----- Data for the task -----

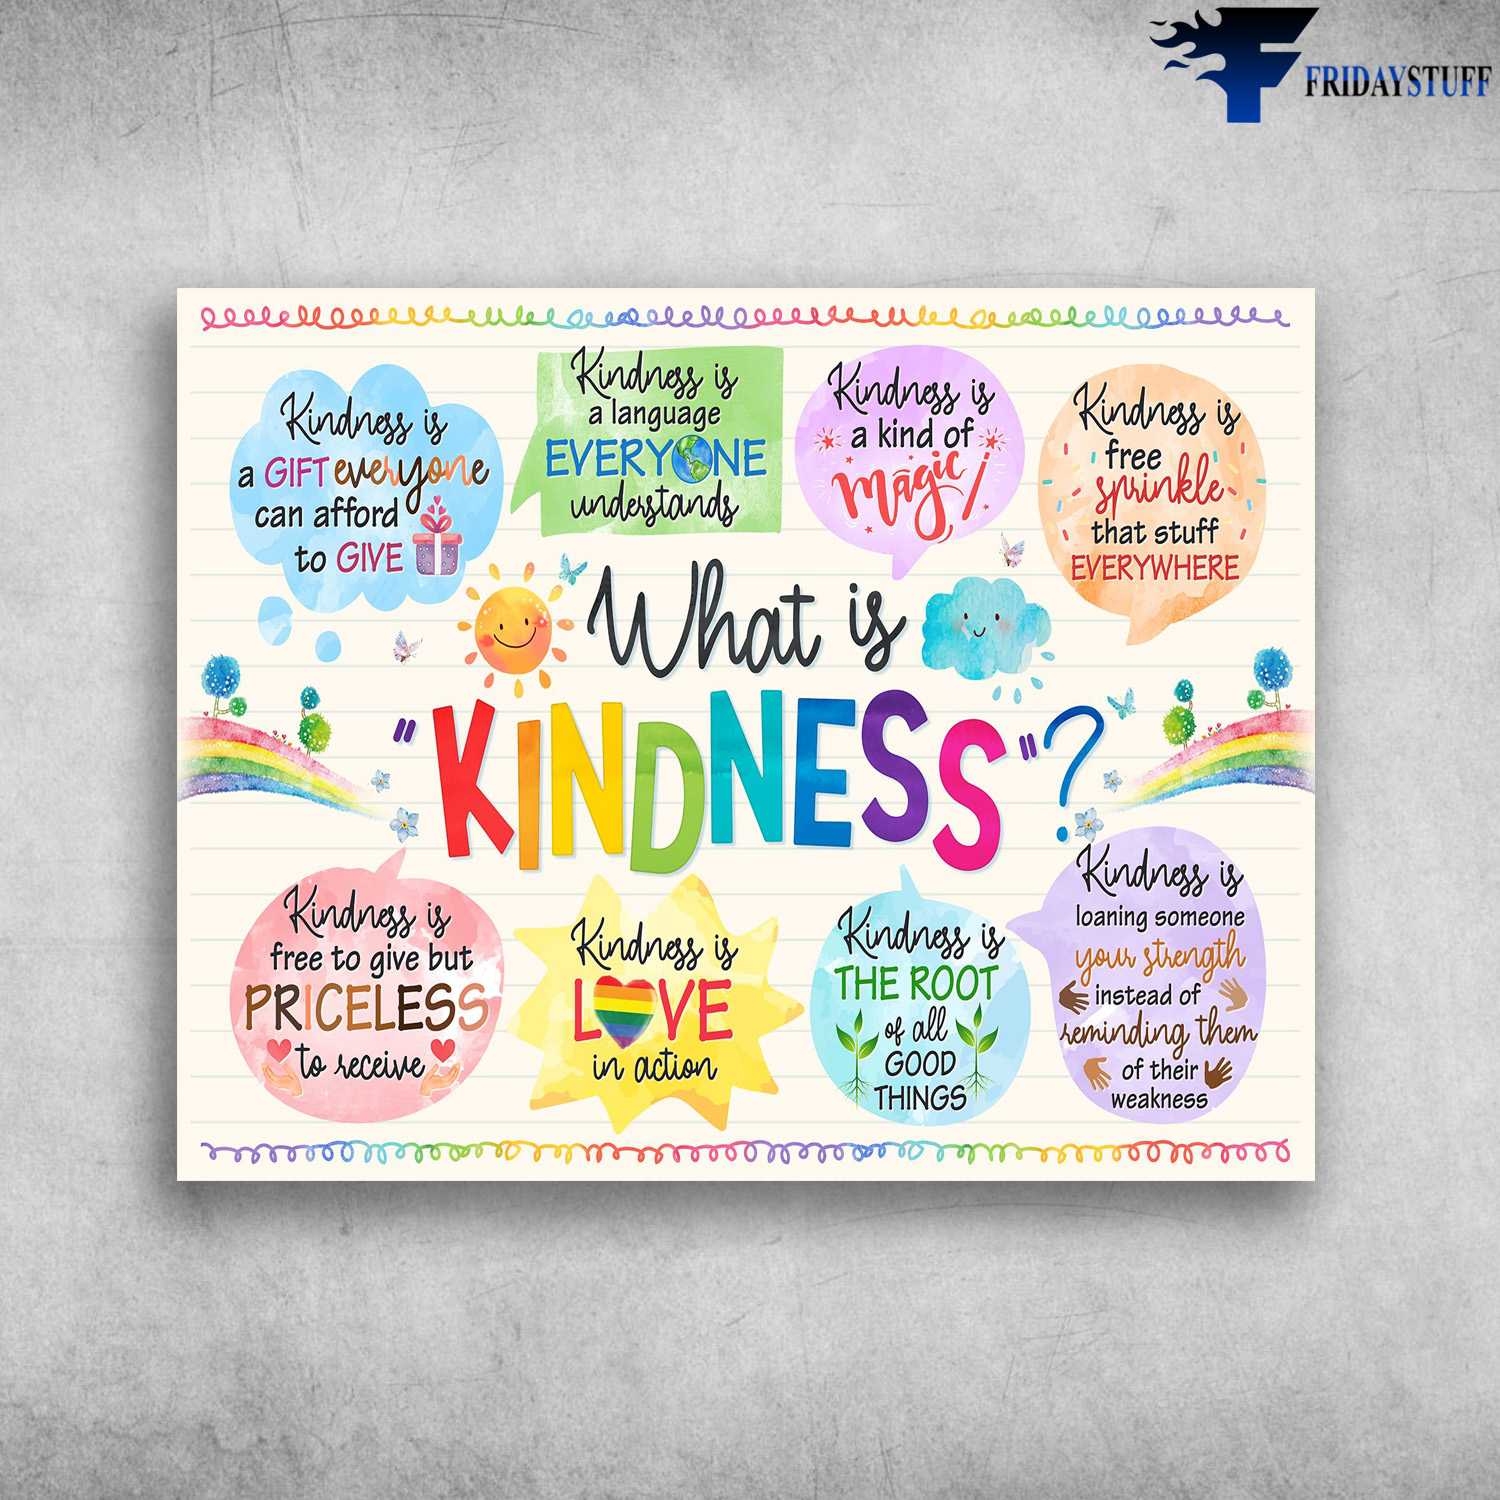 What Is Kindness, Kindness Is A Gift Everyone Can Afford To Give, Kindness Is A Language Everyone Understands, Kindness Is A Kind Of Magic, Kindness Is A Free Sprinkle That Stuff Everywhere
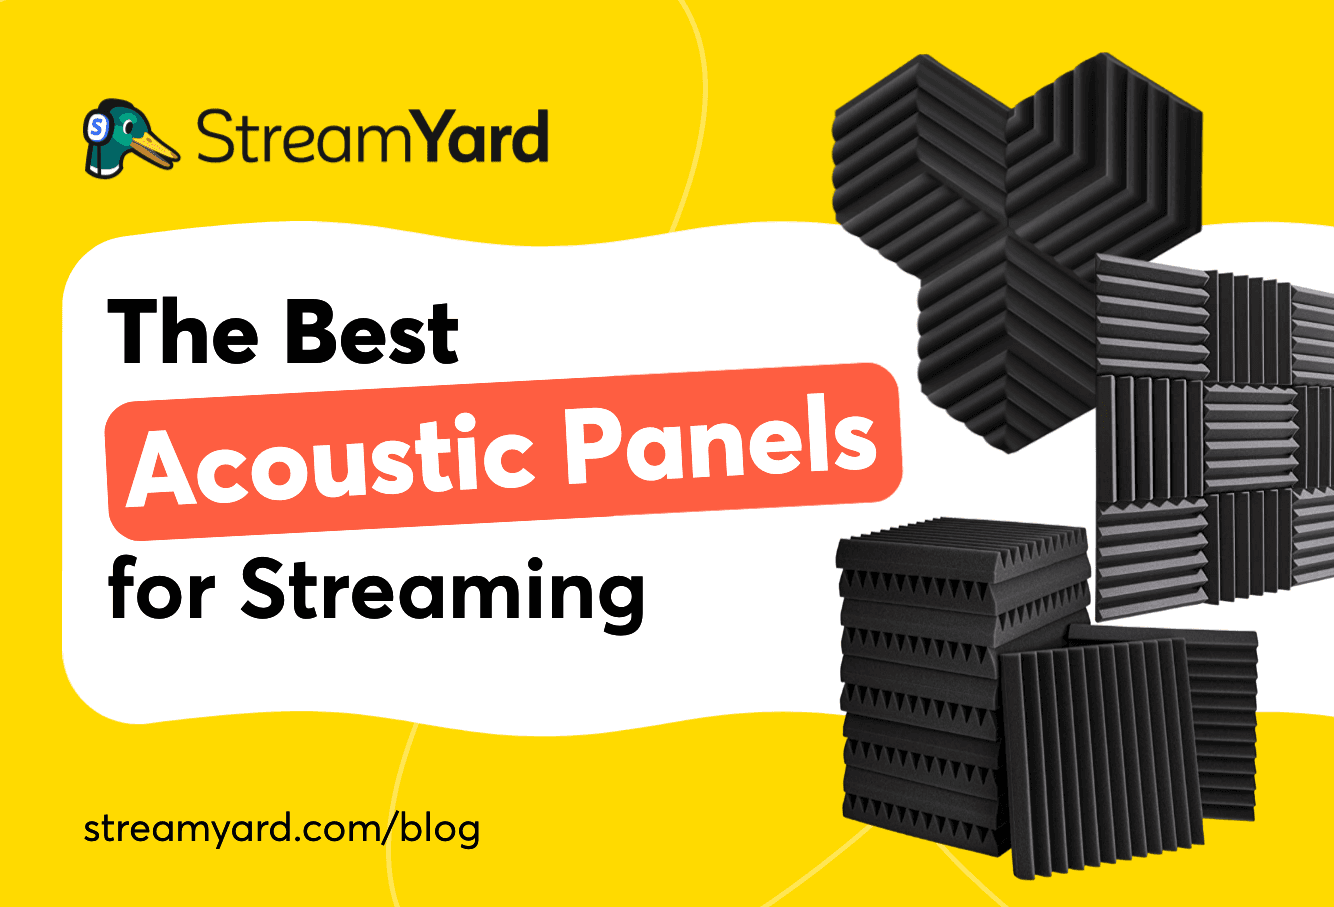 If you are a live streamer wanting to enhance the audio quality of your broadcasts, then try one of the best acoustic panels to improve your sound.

-----
----- Data for the task -----

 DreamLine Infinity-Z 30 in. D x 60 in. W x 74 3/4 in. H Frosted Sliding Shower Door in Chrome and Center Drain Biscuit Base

-----

**What the task requires:** From the listing above, restate verbatim the lines running from the one with "What Is Kindness, Kindness" through the one with "If you are a", inclusive, but not the pictures.

**Written answer:**
 What Is Kindness, Kindness Is A Gift Everyone Can Afford To Give, Kindness Is A Language Everyone Understands, Kindness Is A Kind Of Magic, Kindness Is A Free Sprinkle That Stuff Everywhere
 If you are a live streamer wanting to enhance the audio quality of your broadcasts, then try one of the best acoustic panels to improve your sound.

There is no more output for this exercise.